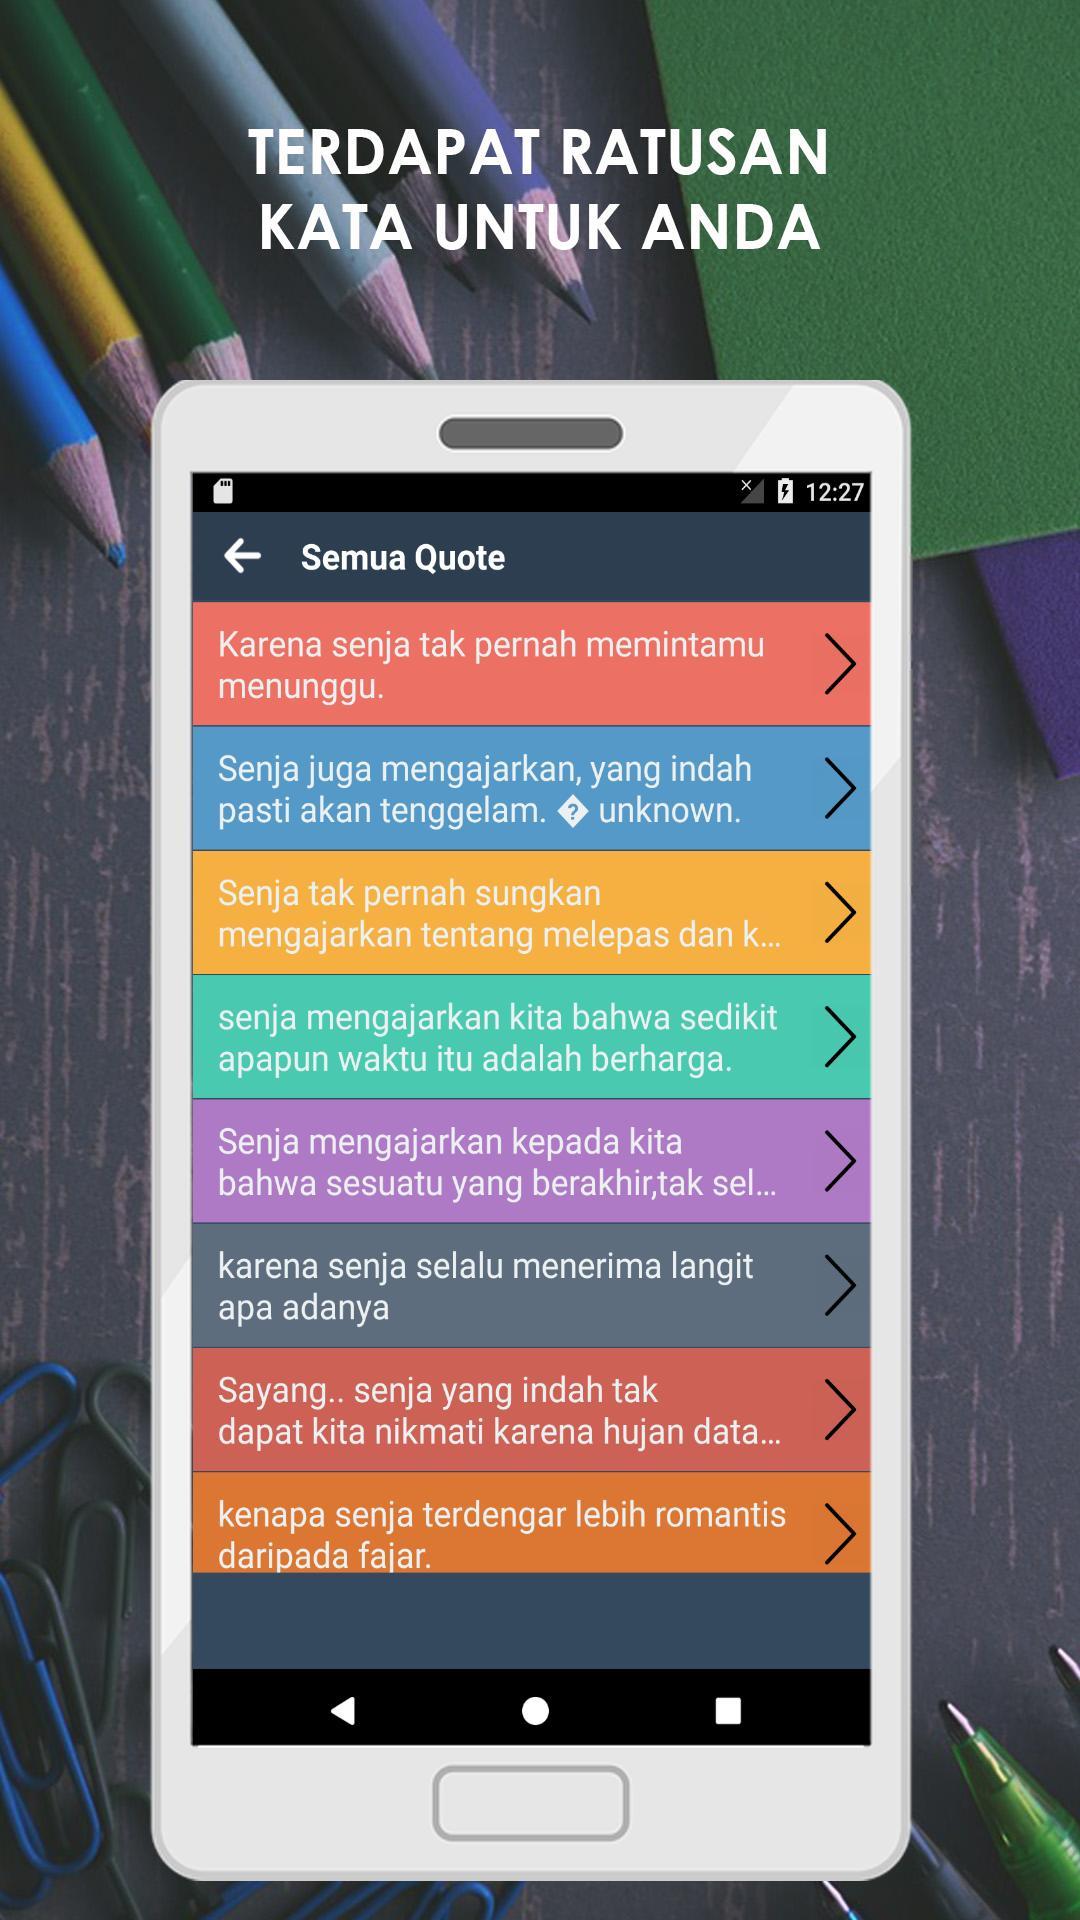 Kata Kata Mutiara Senja Di Sore Hari Für Android Apk
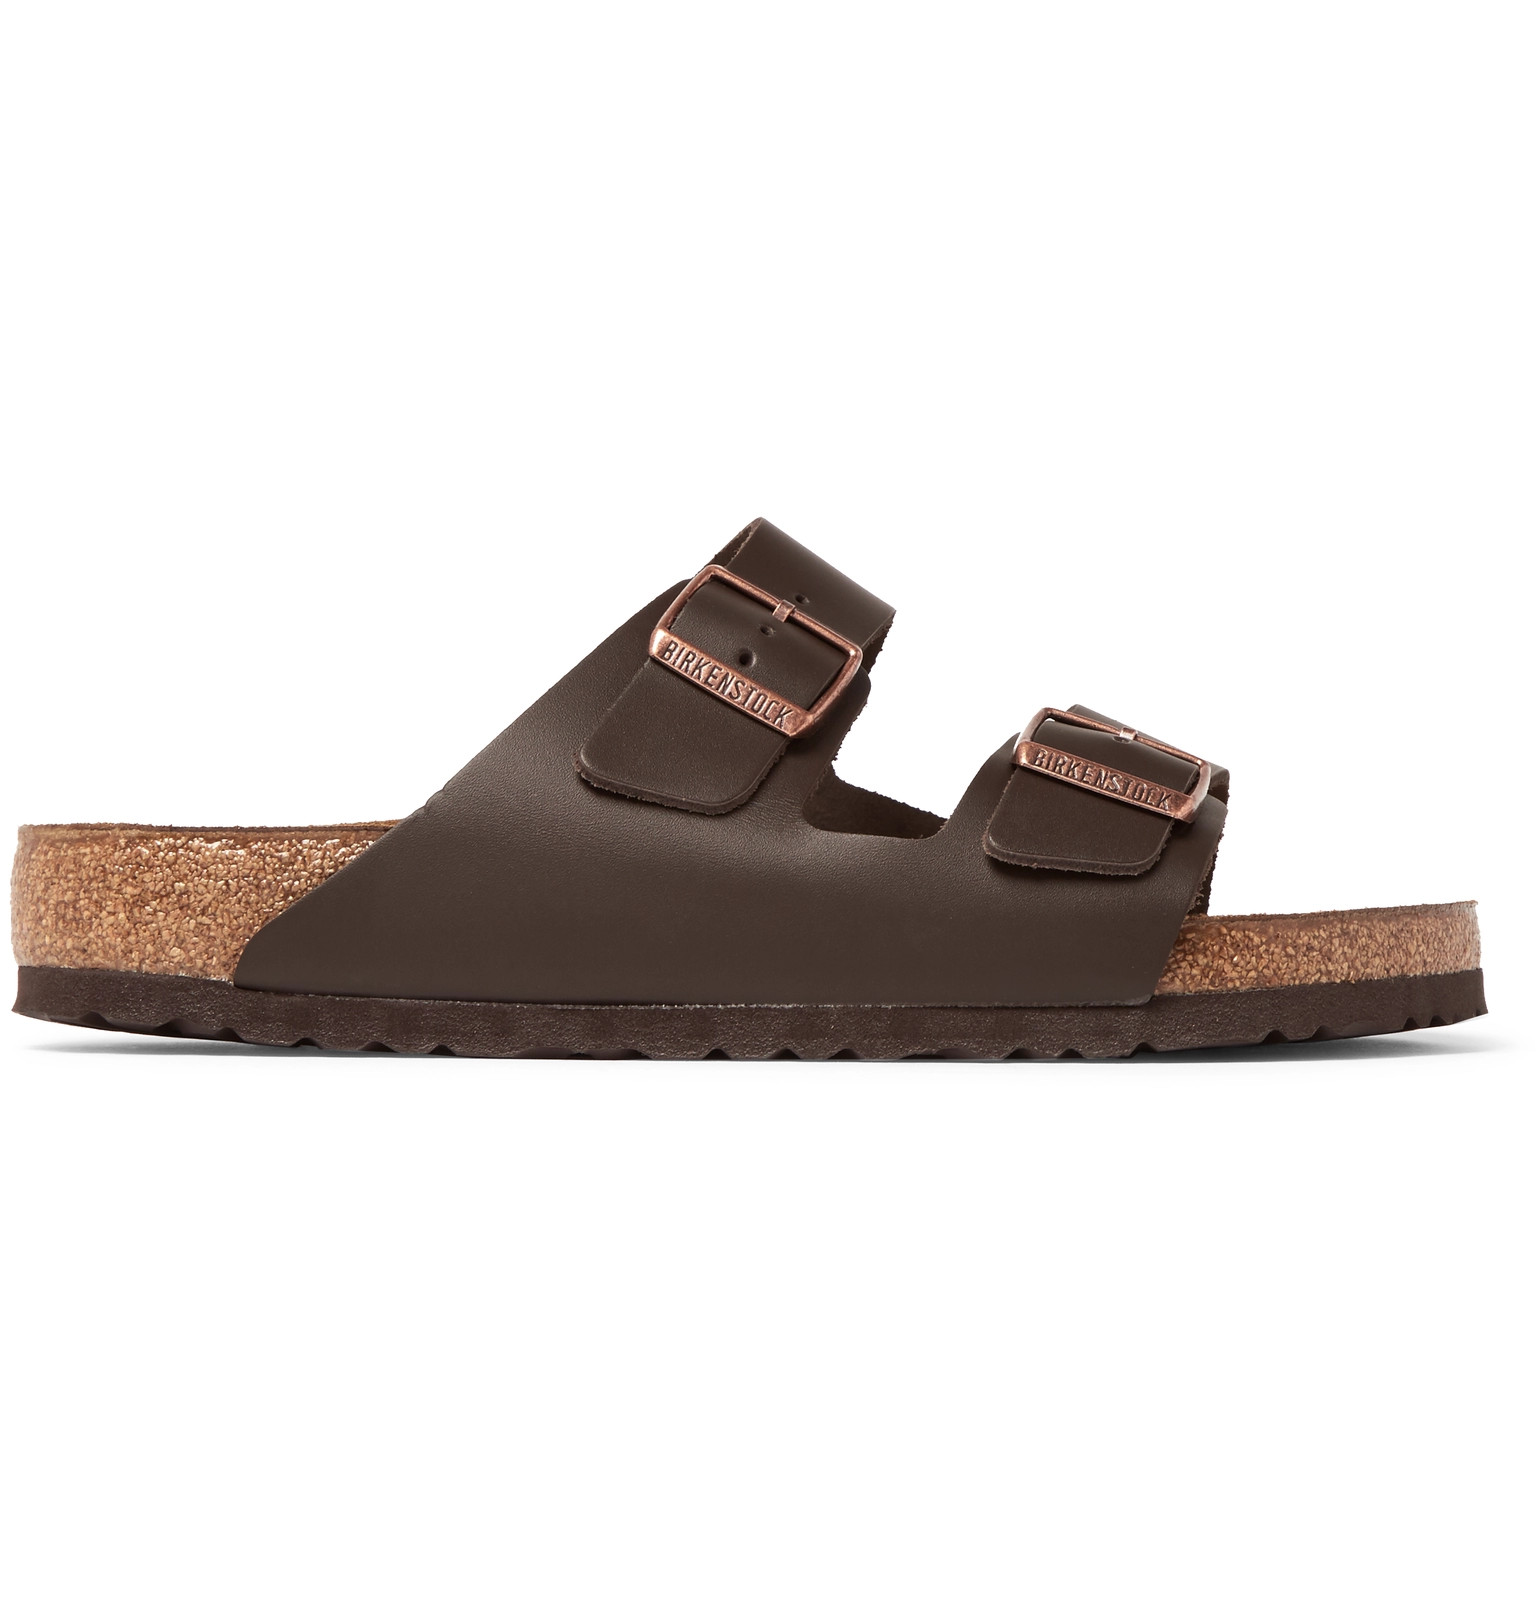 b9366abf0eee Birkenstock arizona leather sandals jpg 1536x1604 Birkenstock popular  sandals
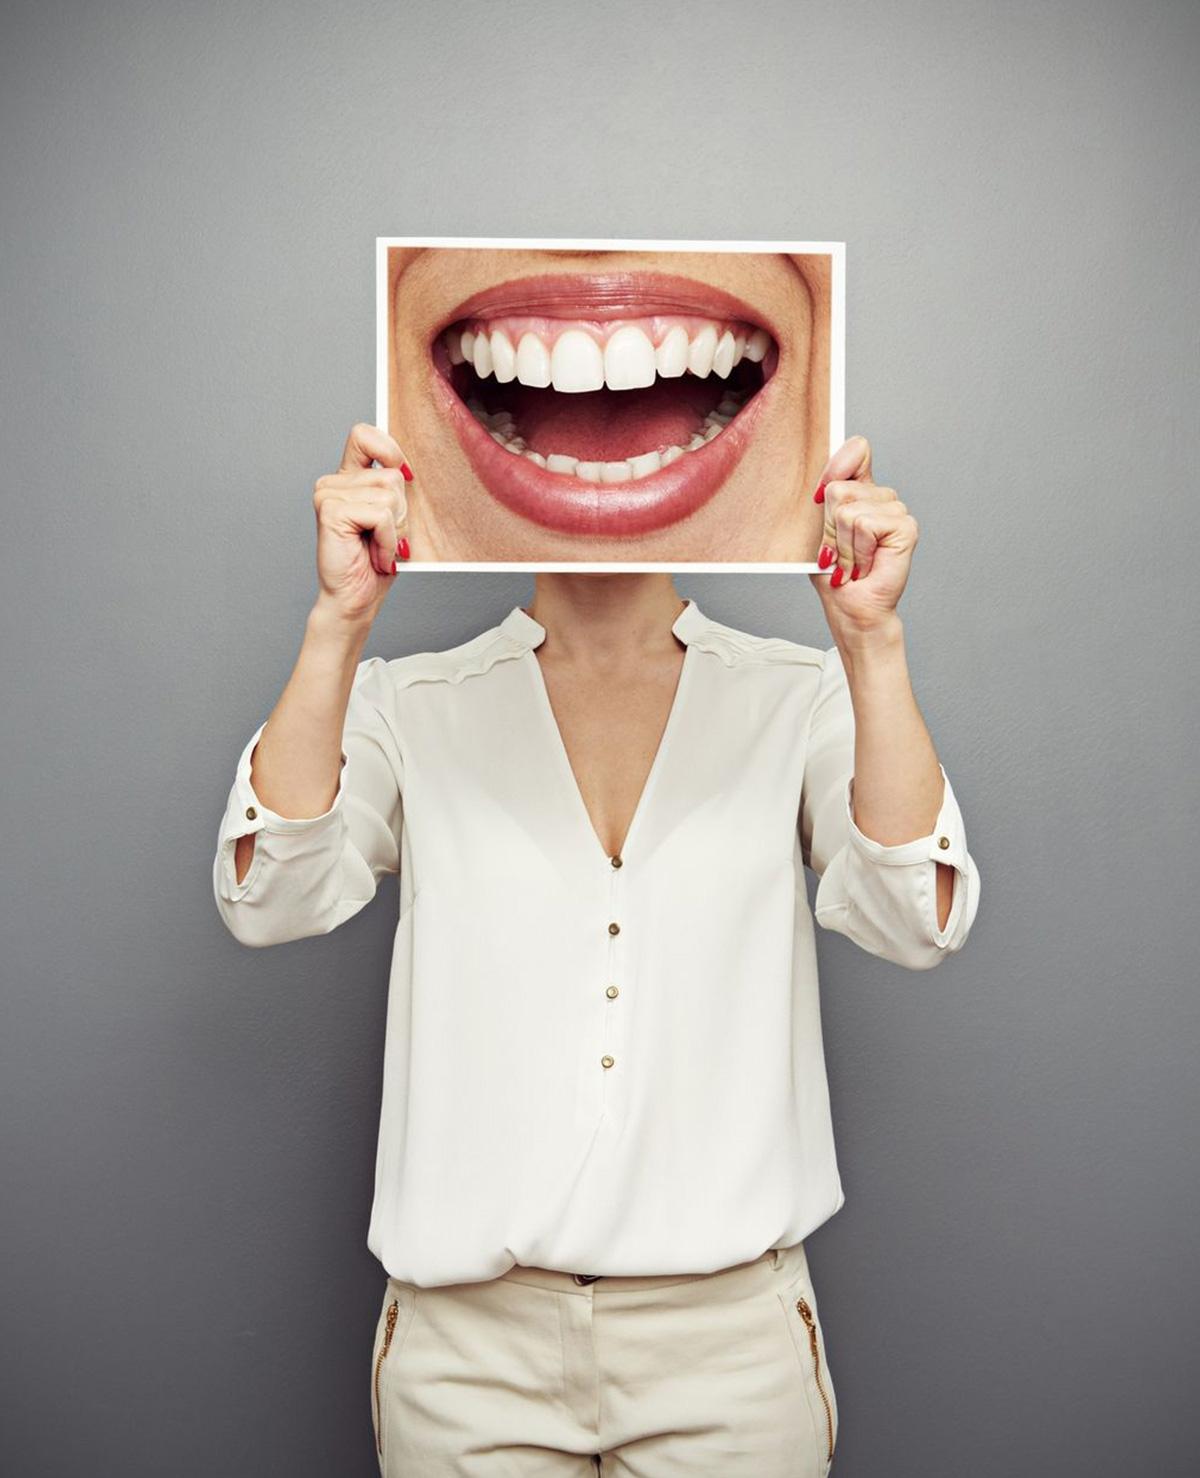 BEWEZEN: Mensen met een donker gevoel voor humor zijn slimmer
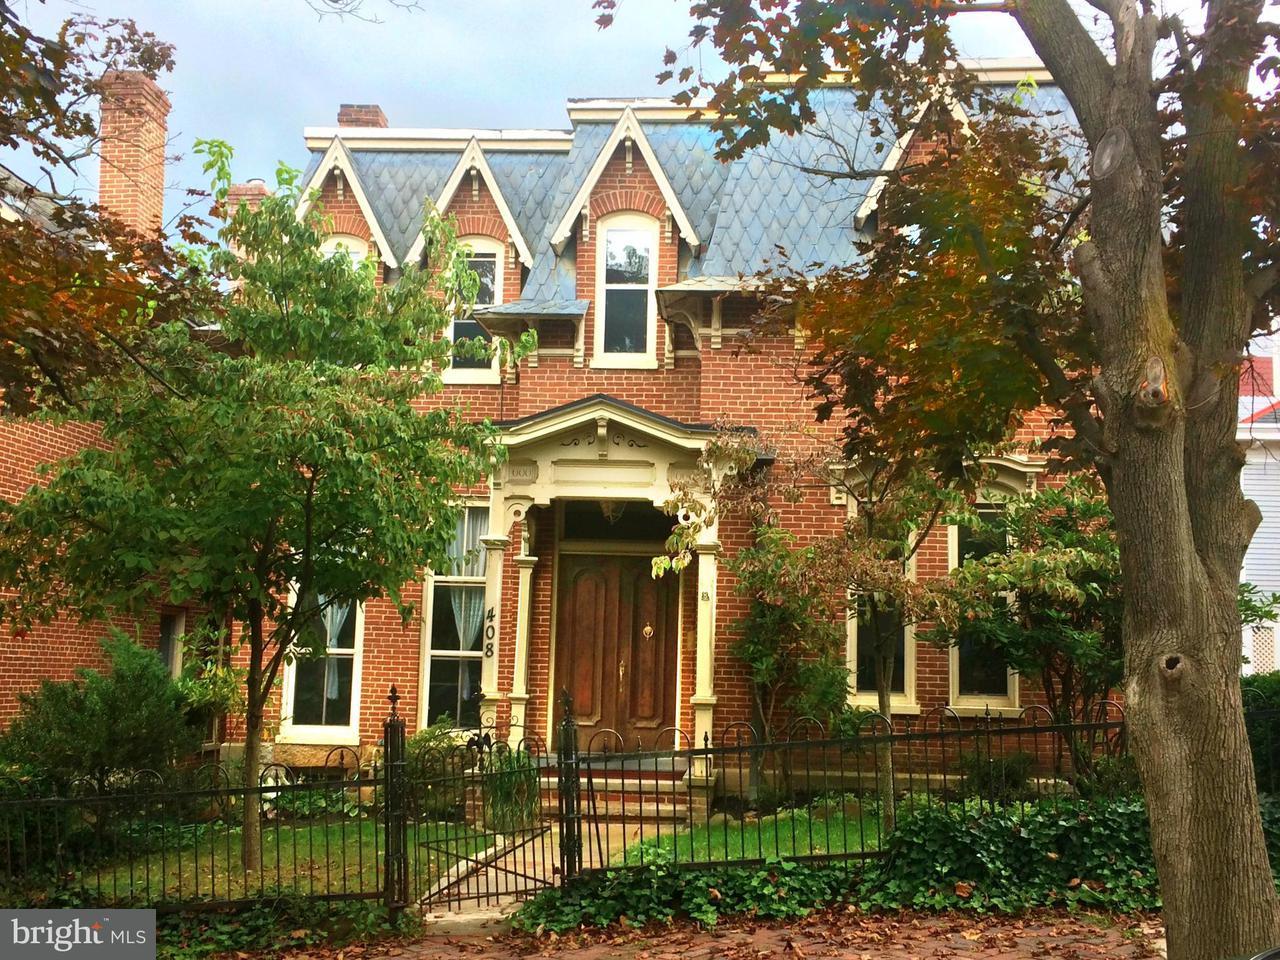 Single Family for Sale at 408 Washington St Cumberland, Maryland 21502 United States

────────

= Action item =
The needed output is the lines from the one with "BEWEZEN: Mensen met" through the end of the listing, written out exactly, both ends included, pictures excluded.

= Task response =
 BEWEZEN: Mensen met een donker gevoel voor humor zijn slimmer
 Single Family for Sale at 408 Washington St Cumberland, Maryland 21502 United States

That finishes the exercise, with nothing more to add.